[[ LISTED ENTRIES open ]]

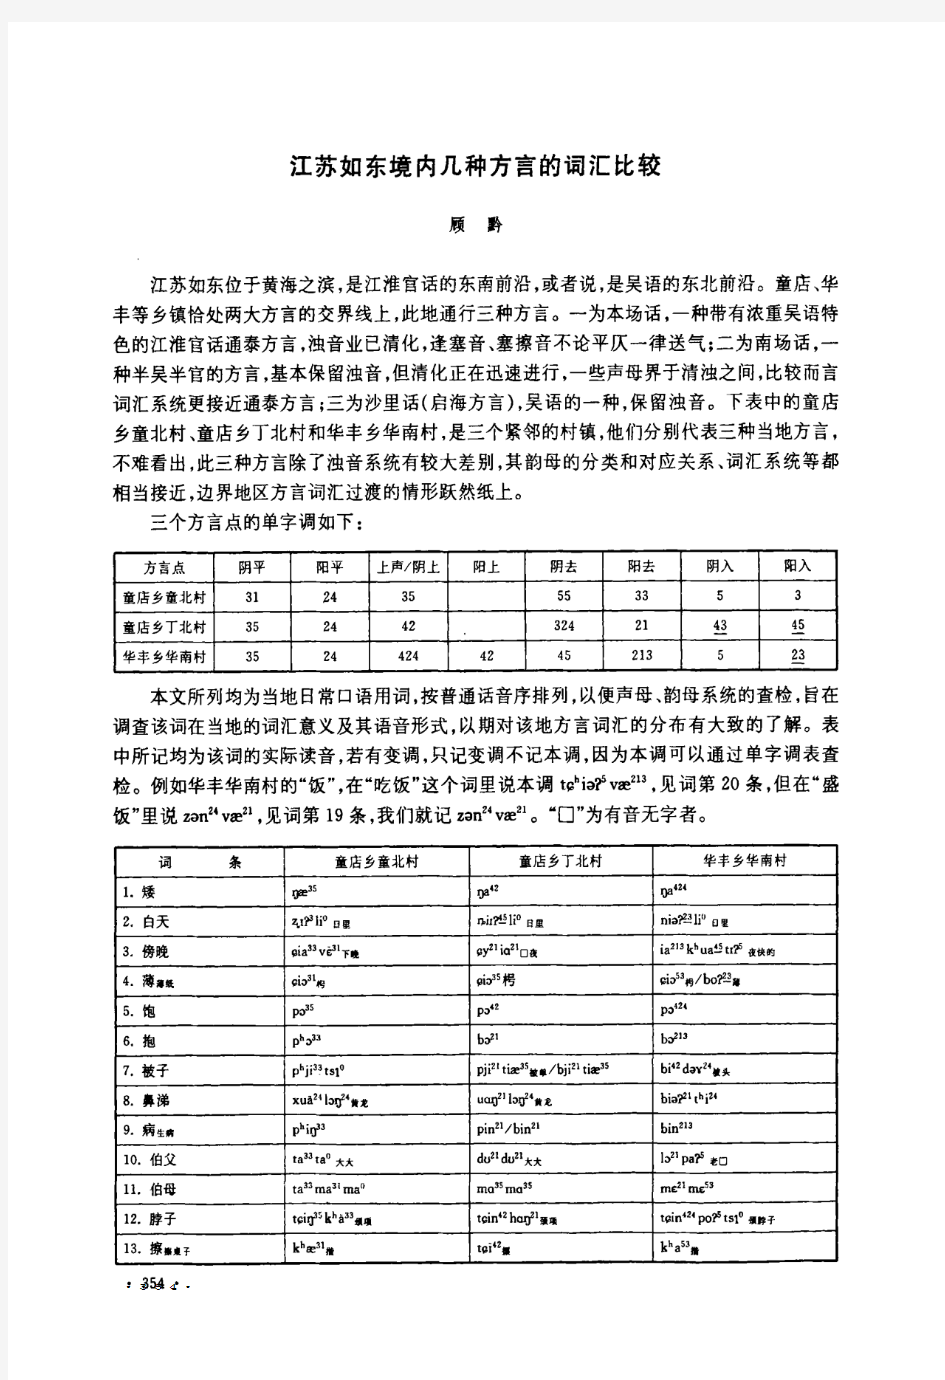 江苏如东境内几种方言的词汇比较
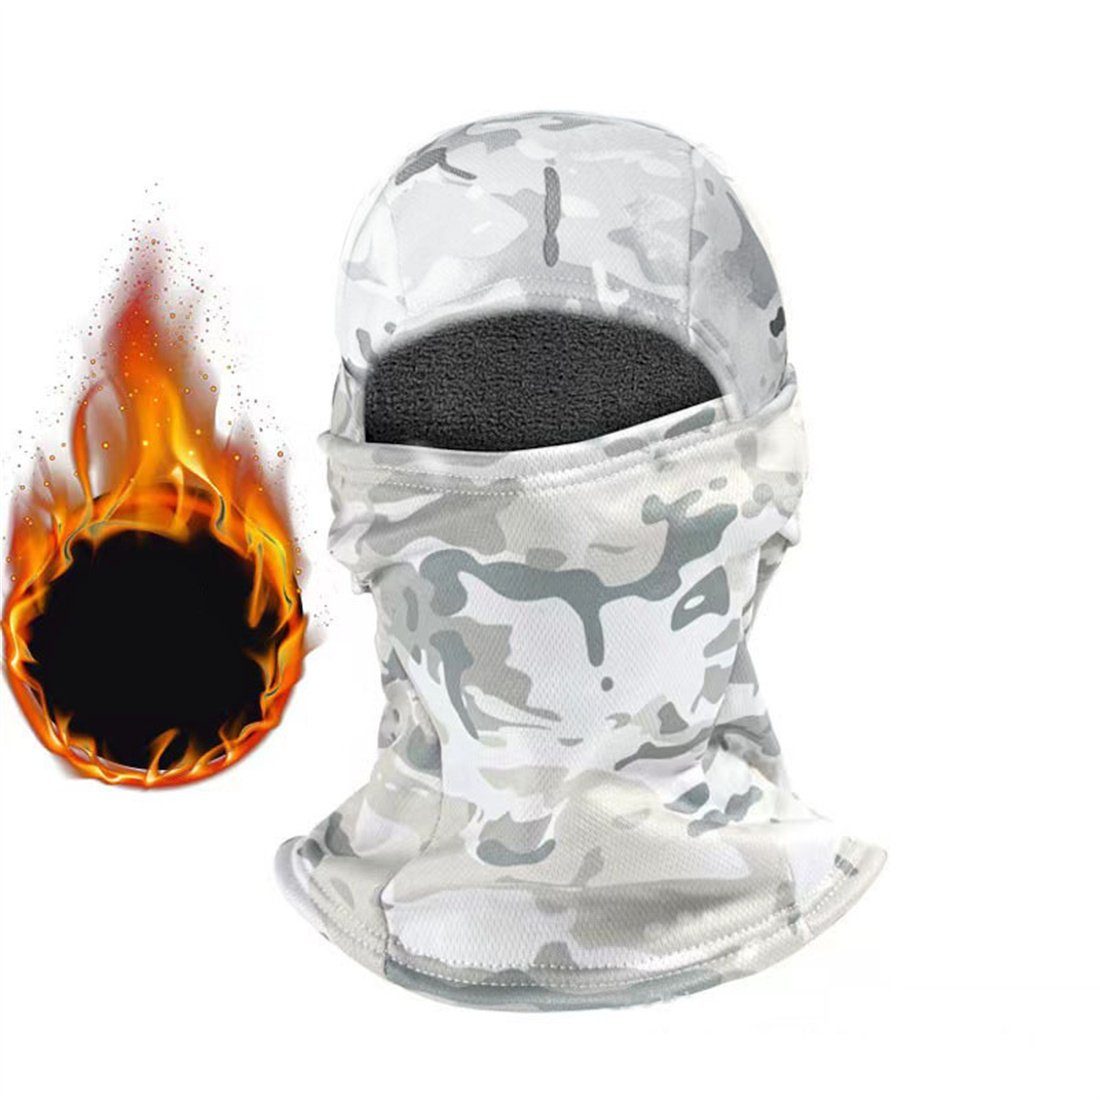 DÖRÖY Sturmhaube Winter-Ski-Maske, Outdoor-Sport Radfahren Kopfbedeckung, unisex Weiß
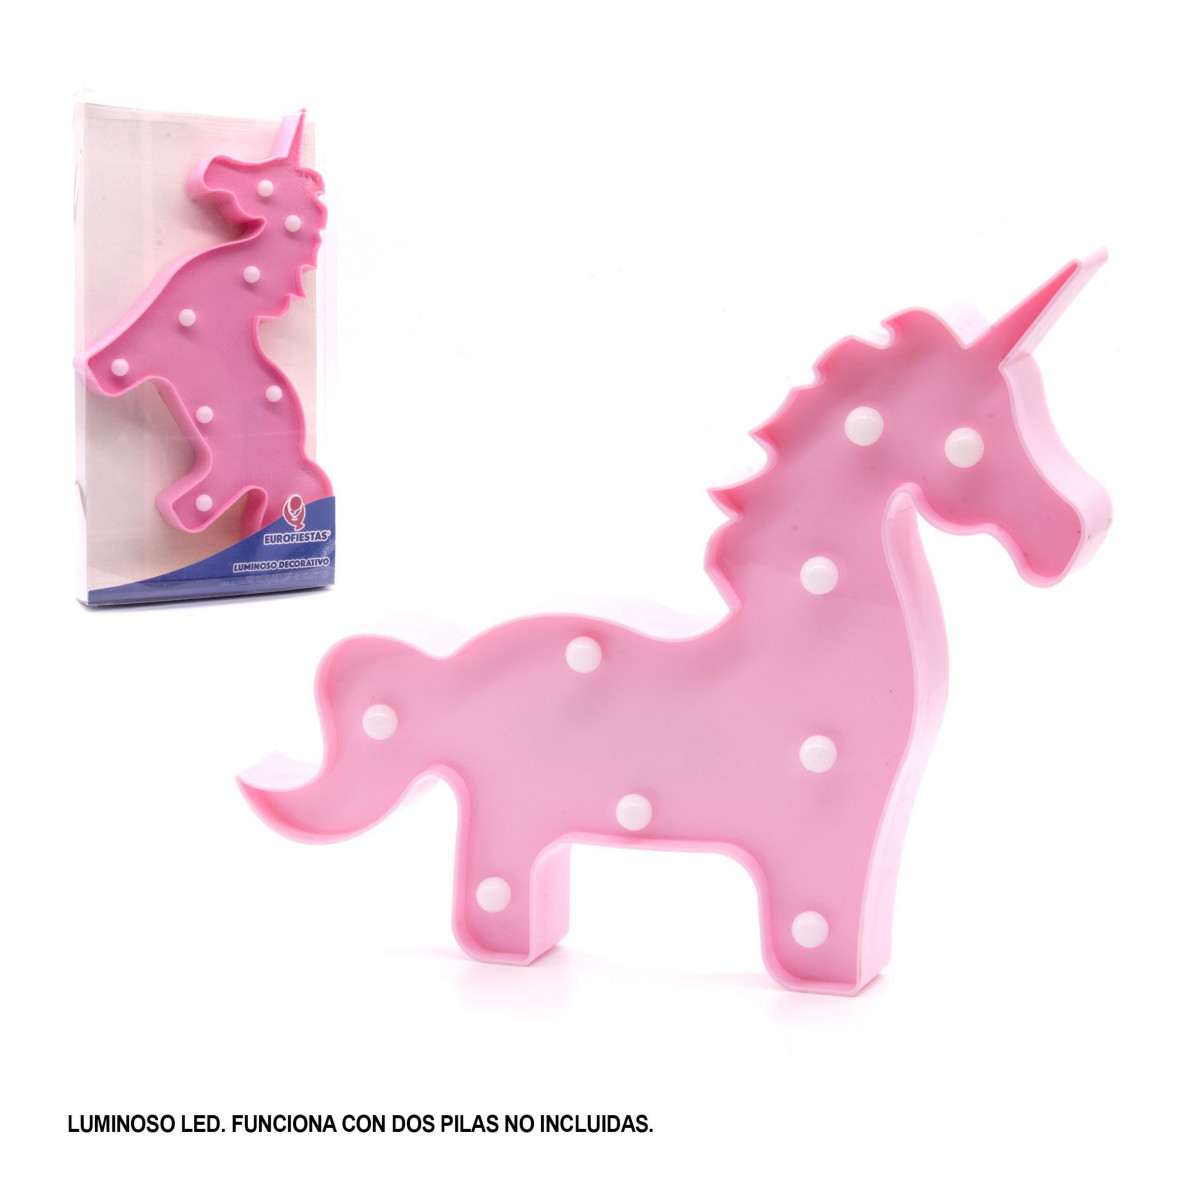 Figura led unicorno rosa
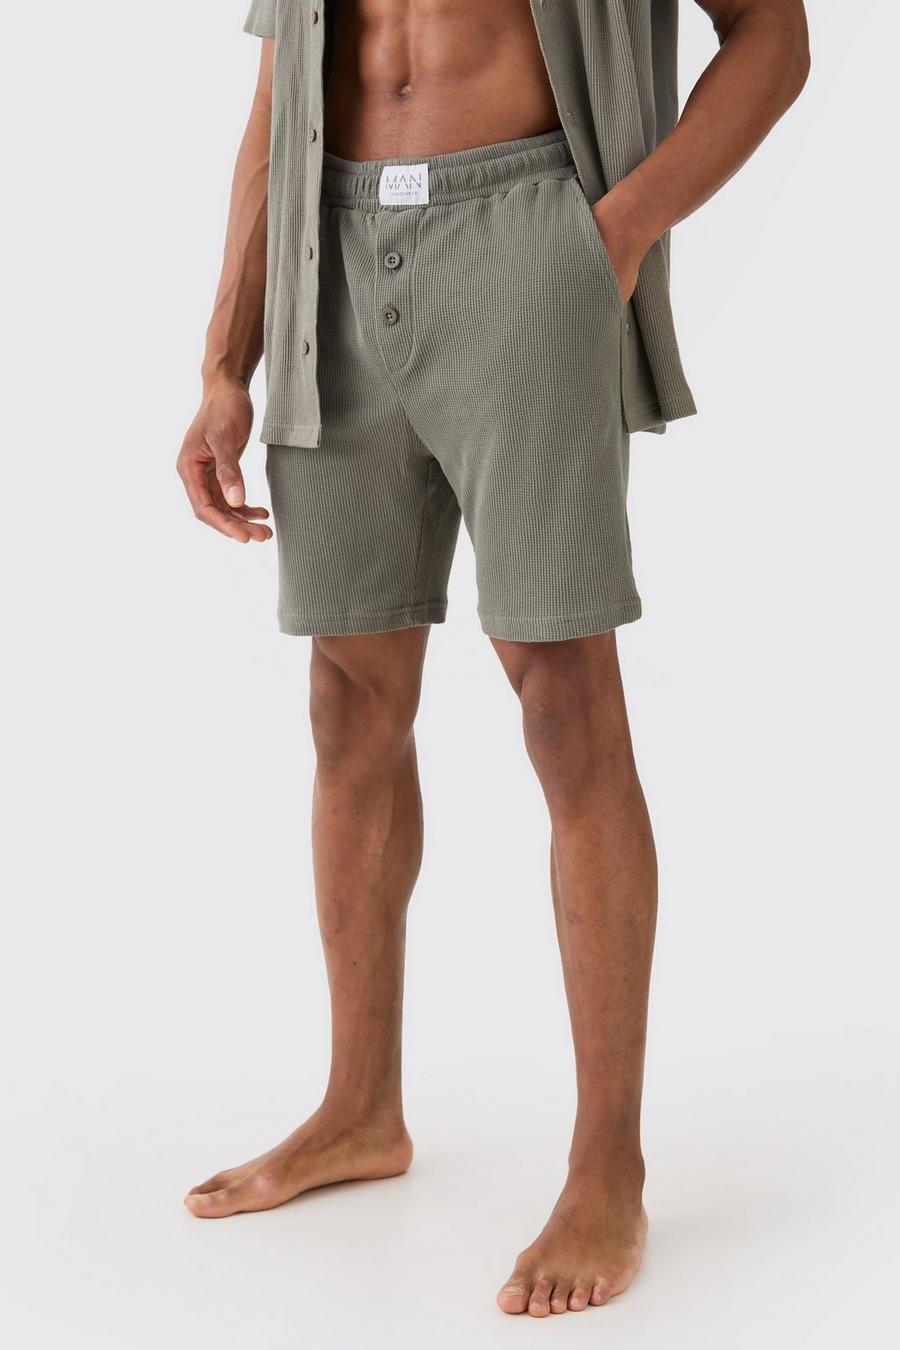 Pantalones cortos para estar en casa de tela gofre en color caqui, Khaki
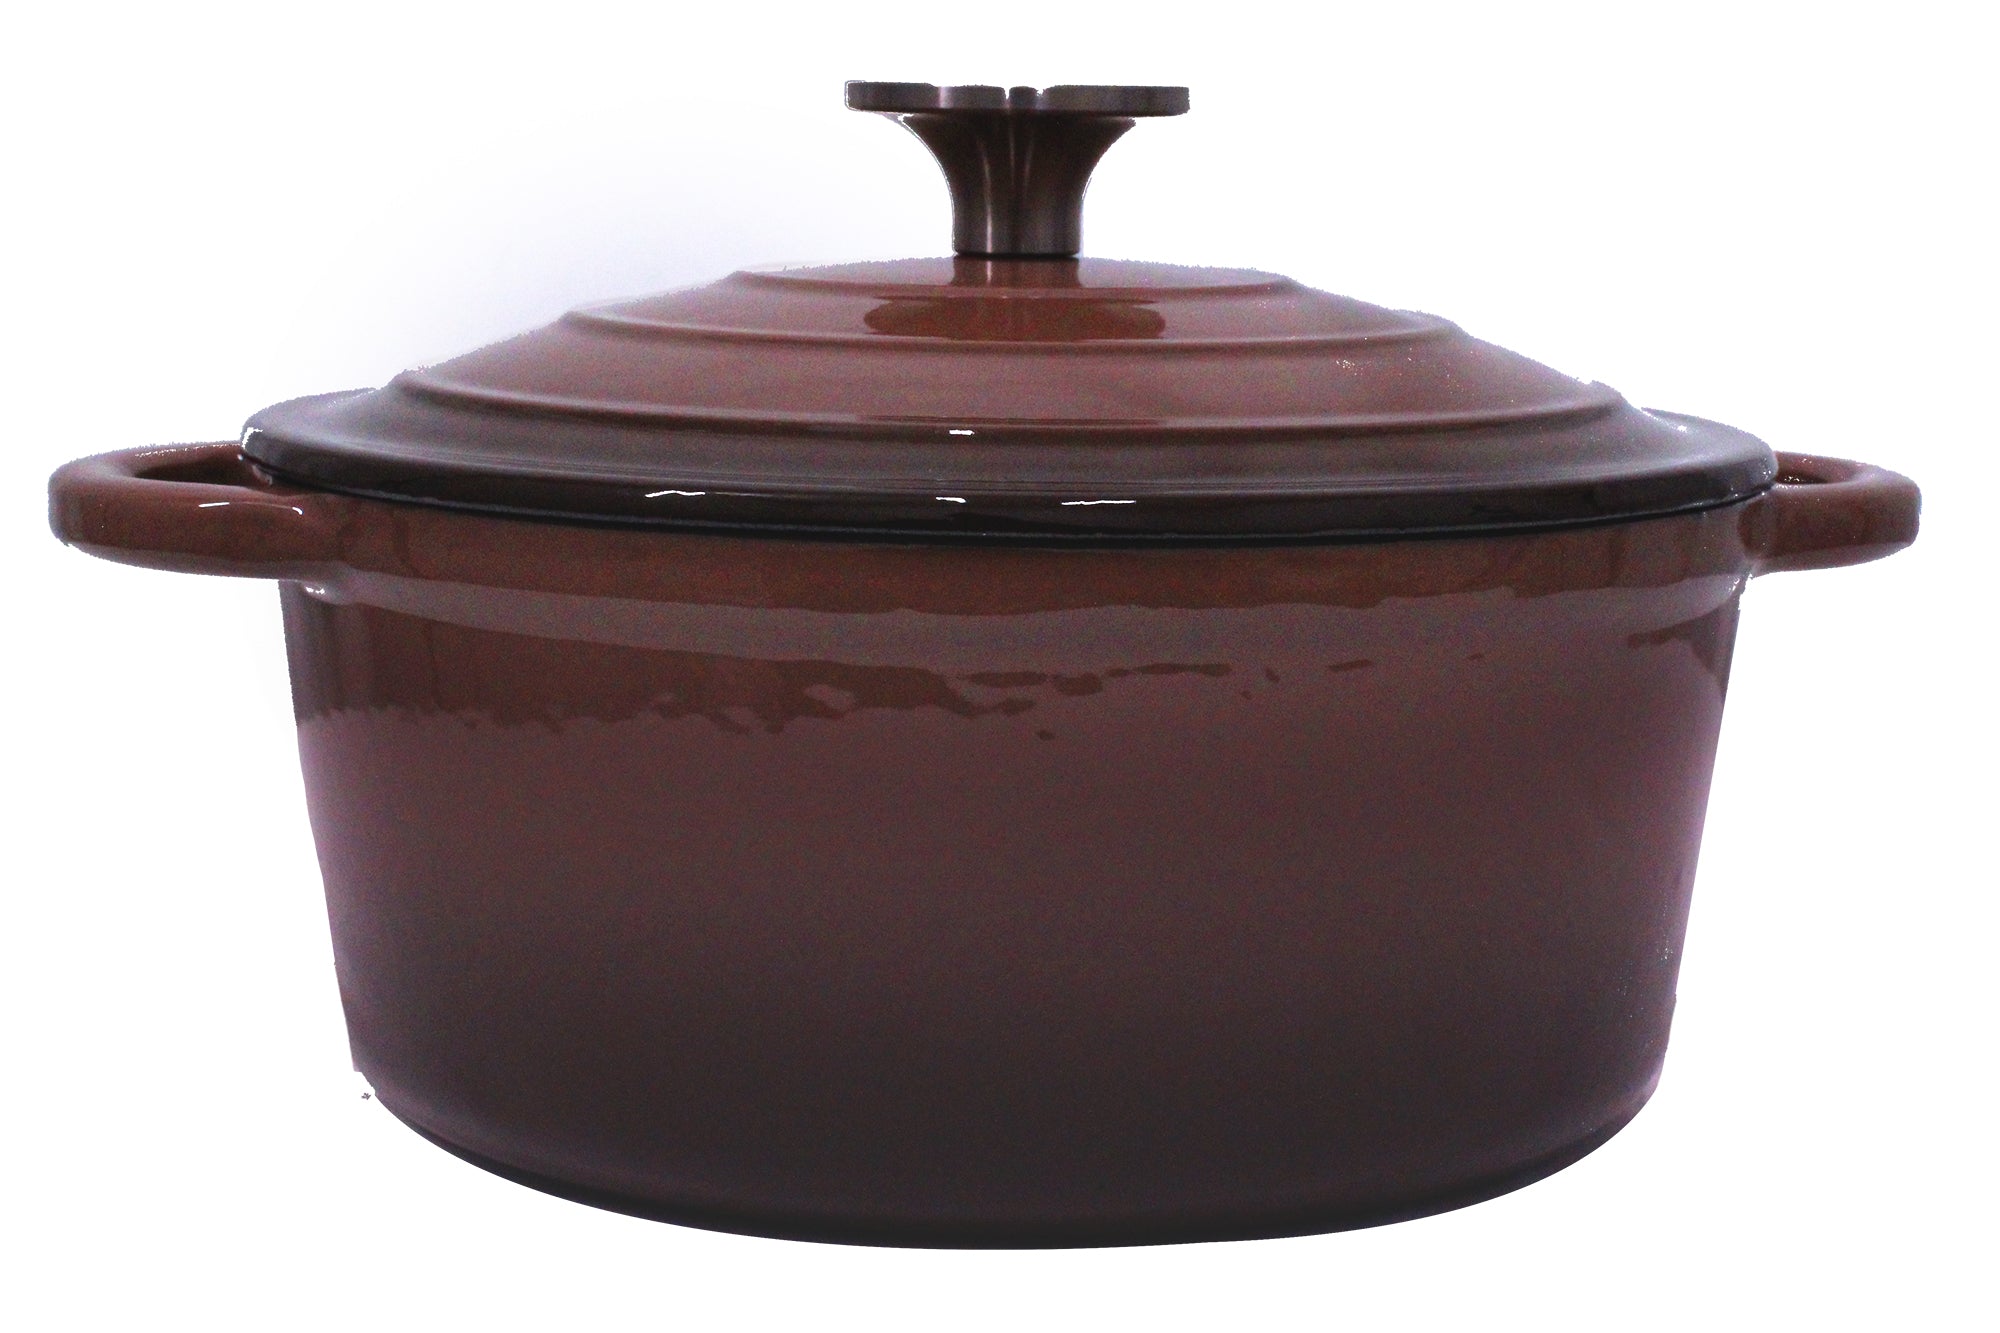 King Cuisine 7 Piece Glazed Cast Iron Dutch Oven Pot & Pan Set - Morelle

[[ LISTED ENTRIES closed ]]

Exactly those lines that run from the line holding "Figura led unicorno rosa" to the end of the listing above, both included, are to be reproduced, with pictures left out.

### WRITTEN REPLY
 Figura led unicorno rosa
 Pantalones cortos para estar en casa de tela gofre en color caqui, Khaki
 King Cuisine 7 Piece Glazed Cast Iron Dutch Oven Pot & Pan Set - Morelle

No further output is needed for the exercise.